Prompt.
In the material below, find the span from the line with "Bon Jovi - Bon Jovi 2020 2XLP Gold Vinyl" to the line with "Smaragdgrüne, fröhliche Euonymus-Ranken" and transcribe only those lines, exactly, ends included, without the pictures.

══ Input for this task

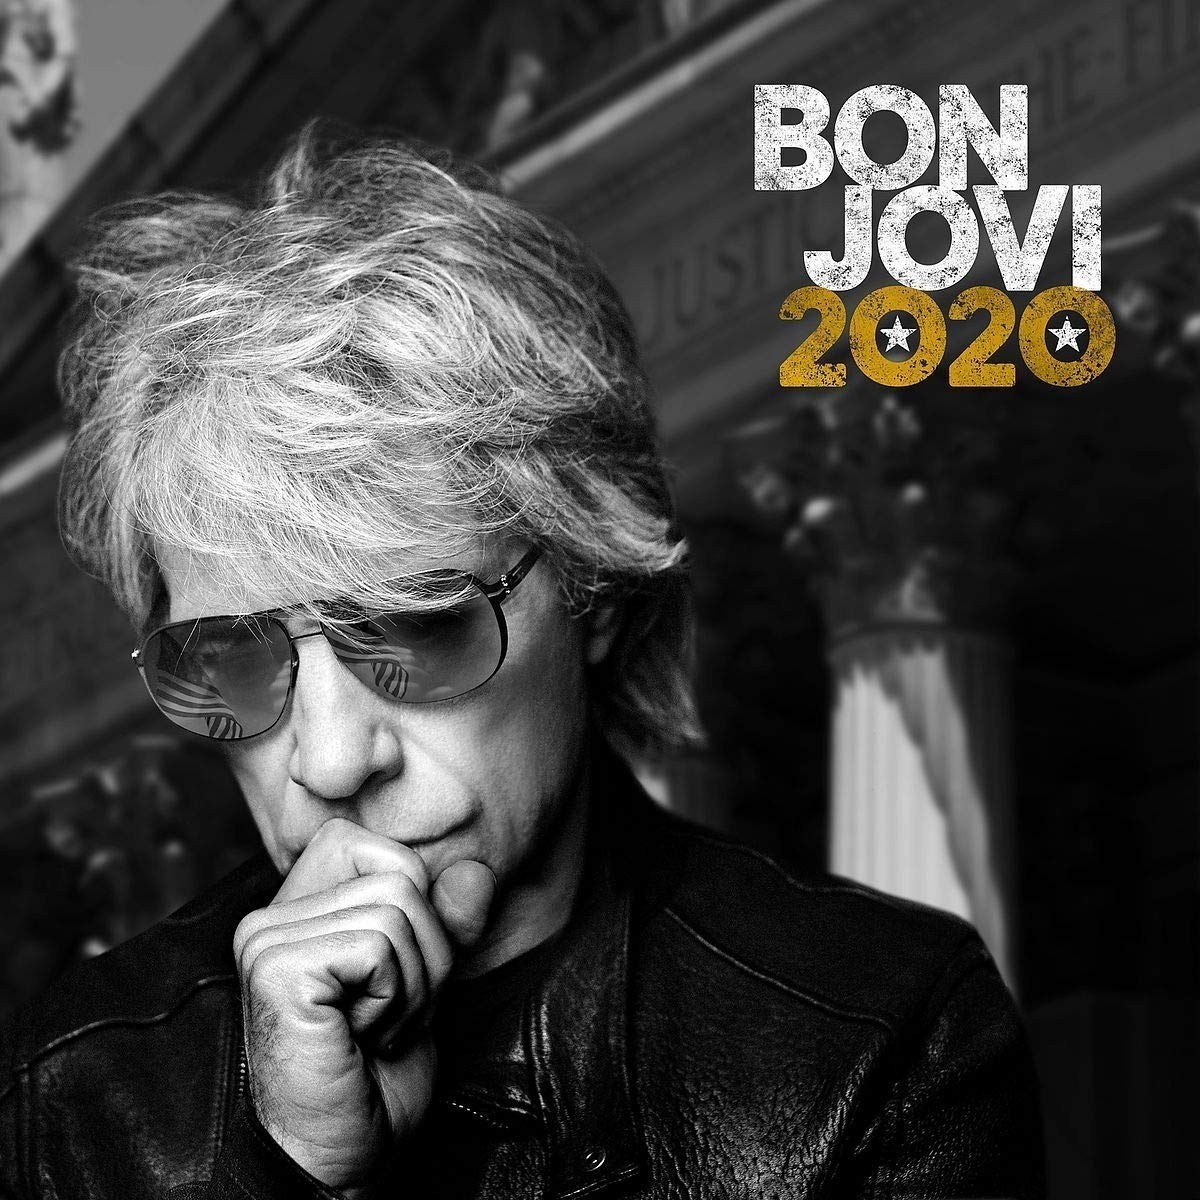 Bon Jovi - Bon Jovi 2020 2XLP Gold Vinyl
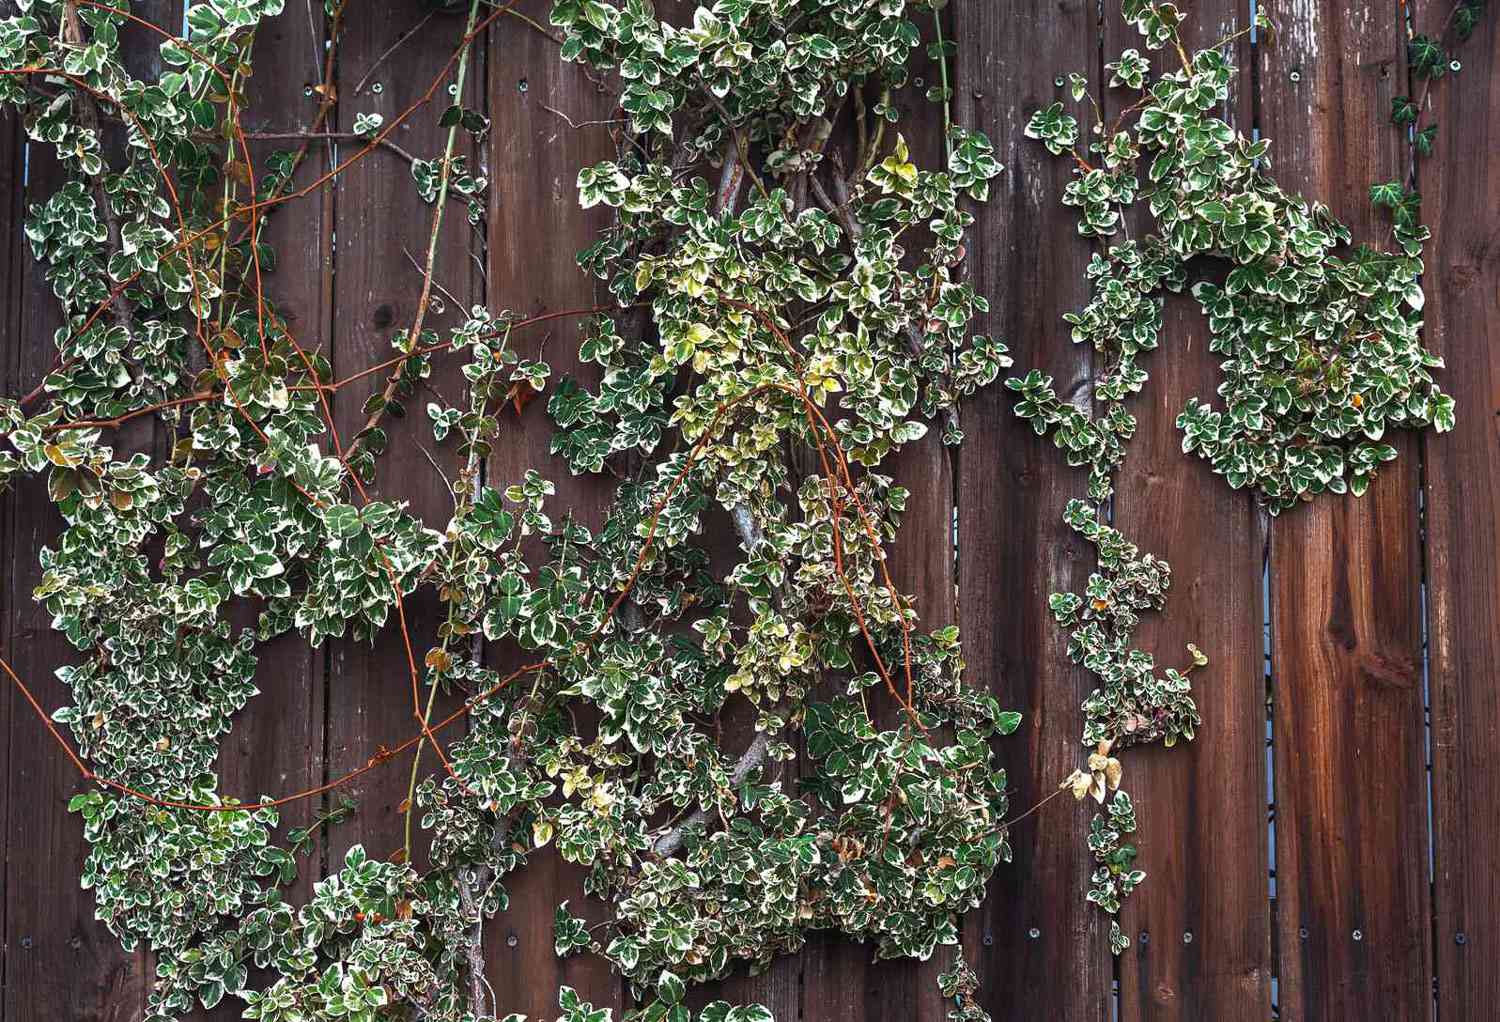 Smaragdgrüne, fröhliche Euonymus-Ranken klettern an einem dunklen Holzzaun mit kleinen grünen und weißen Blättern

════
══ Input for this task

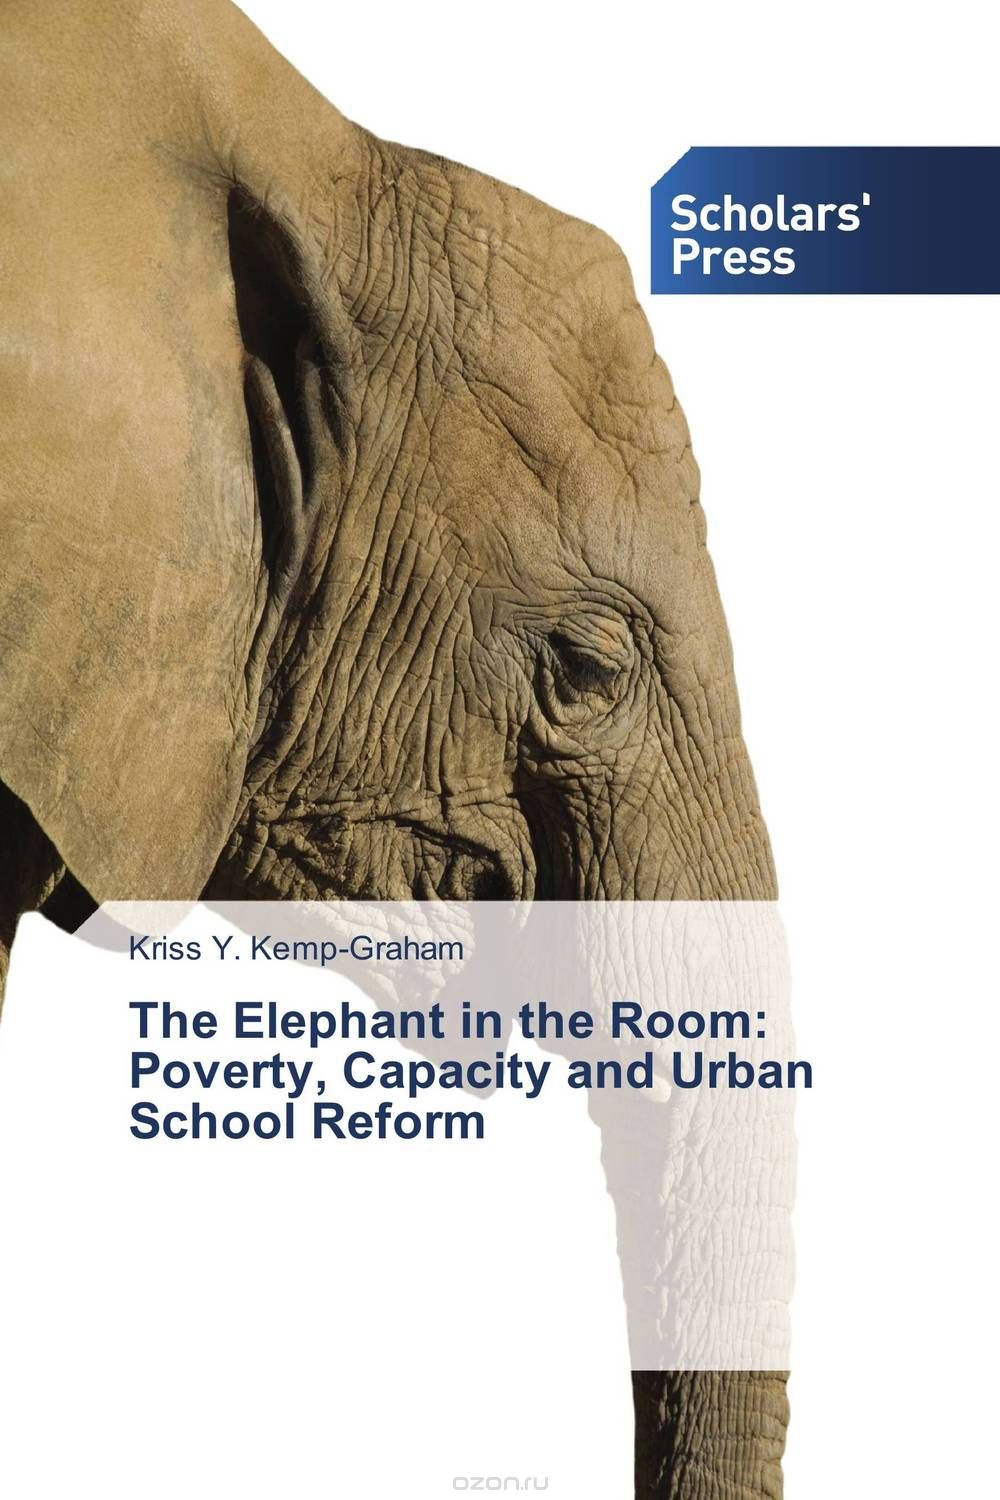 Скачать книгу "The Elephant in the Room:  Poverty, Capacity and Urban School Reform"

════
══ Input for this task

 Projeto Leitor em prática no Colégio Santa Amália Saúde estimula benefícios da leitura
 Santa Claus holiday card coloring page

════

Written response.
 Bon Jovi - Bon Jovi 2020 2XLP Gold Vinyl
 Smaragdgrüne, fröhliche Euonymus-Ranken klettern an einem dunklen Holzzaun mit kleinen grünen und weißen Blättern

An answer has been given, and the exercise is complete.